O outro homem que amava os cachorros
por Armando Rodrigues Coelho Neto
Há um homem que amava os cachorros, que virou título de livro. É um tal Ramon Mercader, comunista catalão, que seguindo conselhos da mãe, se converteu em agente secreto russo e entrou para a história, como assassino de Trotsky. Mas, não é desse que quero falar. Mas, sim de outro homem com coração de cão, que verdadeiramente amava os cachorros e como tal, tinha momentos irascíveis, mas como um cão não tardava a revelar sua pureza de sonho por um mundo fraterno. Enrique Rodolfo Marti, militante da fraternidade, fugitivo da ditadura na Argentina, abraçou o Brasil como Pátria. Mão gostava, sobretudo, de julgamentos morais e sobre o Brasil de hoje…
Corta!
Falemos de Migué. Trata-se de nome fictício de um morador de rua, daqueles que se confunde com tantos outros, que têm como fiéis companheiros os seus cães. Franzino, abandonado por governos e anjos de guarda, santos e deuses, sequer tinha carnes e músculos para exibir. Sua magreza era escondida por um paletó já velho e surrado, que ganhou numa noite de frio de um homem que amava cachorros.
Migué cheira ou cheirava a tudo, ainda que não cheirasse nada de bom, nem tinha grana pra cheirar branquinha. Cheirava a álcool, cheirava a tudo que soa desagradável – de urina a poeira do mundo. Seu ofício era fingir olhar carros e, vez em quando, criava caso com os patrões e doutores que não lhe davam um trocado, como recompensa pelo seu desolhar vigilante sobre os carros parados na rua.
Migué tinha um fiel e inseparável companheiro, um cão de nome Black que não levava desaforos pra casa, principalmente quando o assunto era o seu dono. Um dia, um policial militar, um daqueles que infernizam moradores e frequentadores da Praça Roosevel… (Sim, a Polícia Militar na Roosevelt, aquela que rouba o espaço público se forma sorrateira, mais enfeia e incomoda a região do que serve pra alguma coisas…). Experimente levar uma queixa até eles e veja o acontece… Padece, esquece. Volto ao cão Black, bem mais digno e fiel.
Dizia eu, que um dia, um policial militar apareceu para infernizar a vida de Migué e o cão, como um cidadão honesto, digno, nacionalista, conhecedor de seus direitos, tirou satisfações com o policial, que aliás, era exatamente o inverso do cão. Sim, estou falando do cão, não do Migué. O cão Black tirou satisfações com o policial que perturbava seu dono. Ao ser molestado indevidamente pelo PM, Black Mordeu a manga da farda do samango, que quis prender o Migué e o cachorro. O PM queria até cartão de vacina do Black e se lhe fosse possível, queria até ver a capivara e pedegree do Black.
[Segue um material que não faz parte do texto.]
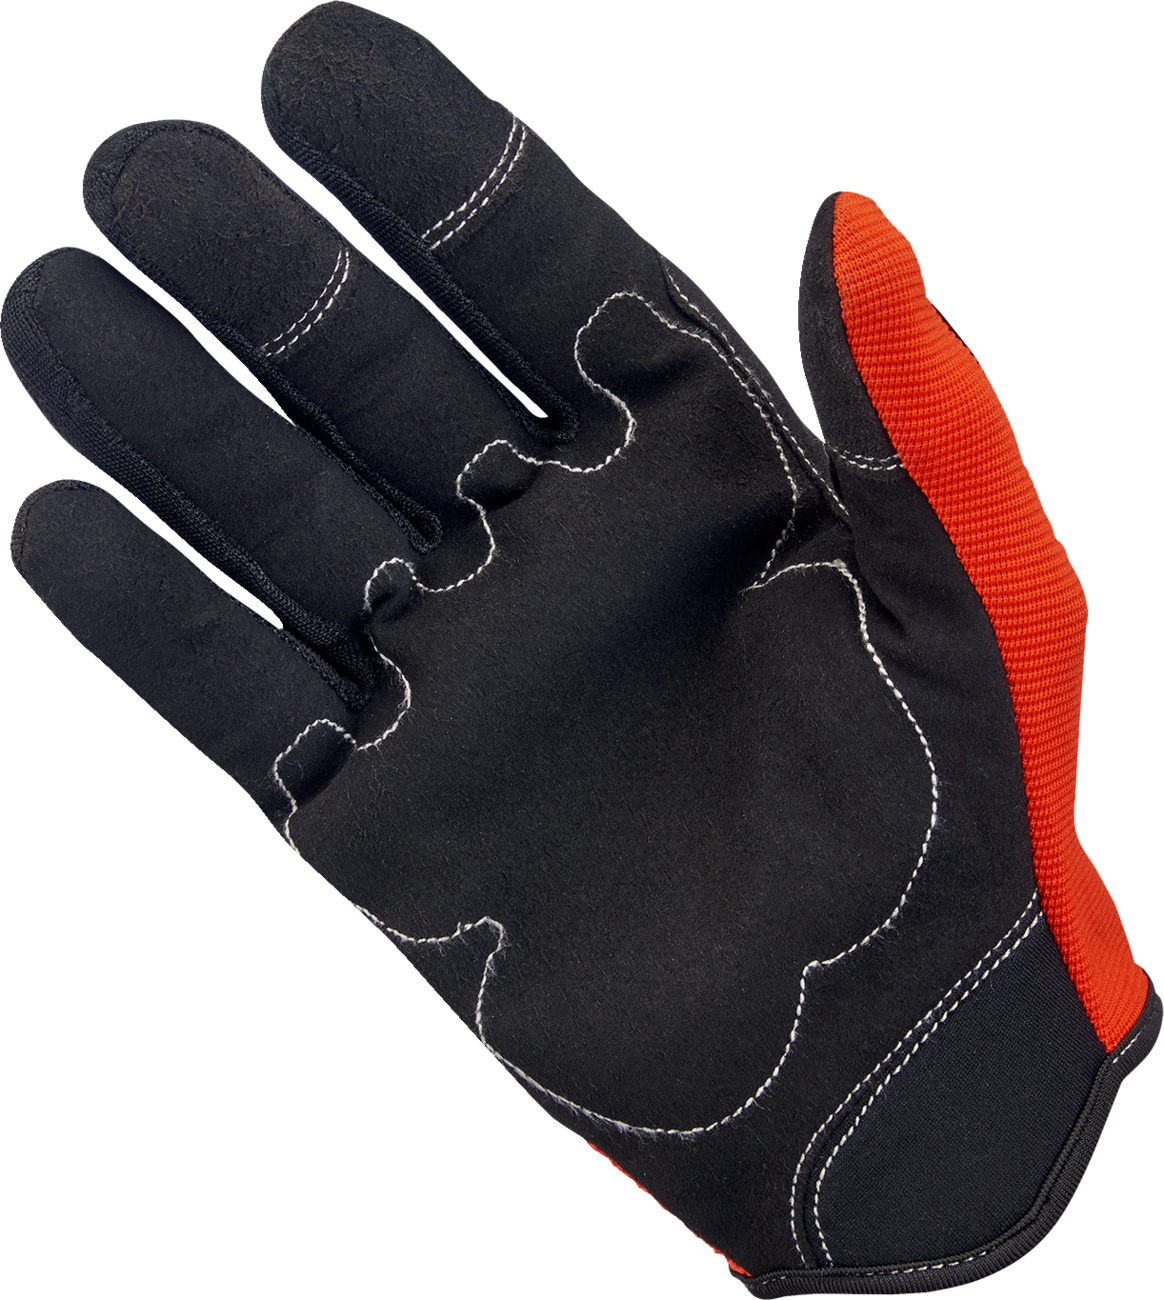 BILTWELL Moto Gloves - Orange/Black - XS 1501-0106-001

Migué passou pelos piores vexames – safanões, puxões de orelha, chá de galão, mas o que mais doeu em Migué foi a prisão de seu cachorro. O policial levou o cão preso e entregou no centro de zoonose da cidade de São Paulo. Migué continuou triste olhando carros, embora perguntasse para todo mundo onde era aquilo – o Centro de Zoonose.
E foi assim na base do “a todo mundo eu dou psiu”, que Migué encontrou “O homem que amava os cachorros”. Seu nome, Enrique Rodolfo Marti, ativista da Comissão de Justiça e Paz, morador da Praça Roosevelt, que conhecia de vista o Migué. Após muita luta, Enrique conseguiu devolver Black ao Migué. E, desde então, Enrique passou a se gabar de haver impetrado habeas-corpus até para cachorro.
Não se sabe o número de galáxias existentes no universo. Há quem fale até em 200 bilhoes. Reservo-me porém a desconfiança, que em alguma delas, o homem quem amava os cachorros tem um encontro com Black em alguma delas, talvez aquela que deu de chamar Ceú do Cachorros, onde por certo moram Ninoska, Leopoldo, Odara, Joquinha e o meu amadíssimo Tevez…
Existem muita formas de se contar a história de militantes da fraternidade. Uma delas é falando só de cães… E a Comissão de Justiça e Paz de São Paulo ficou mais pobre.
Armando Rodrigues Coelho Neto – jornalista, delegado aposentado da Polícia Federal e ex-representante da Interpol em São Paulo.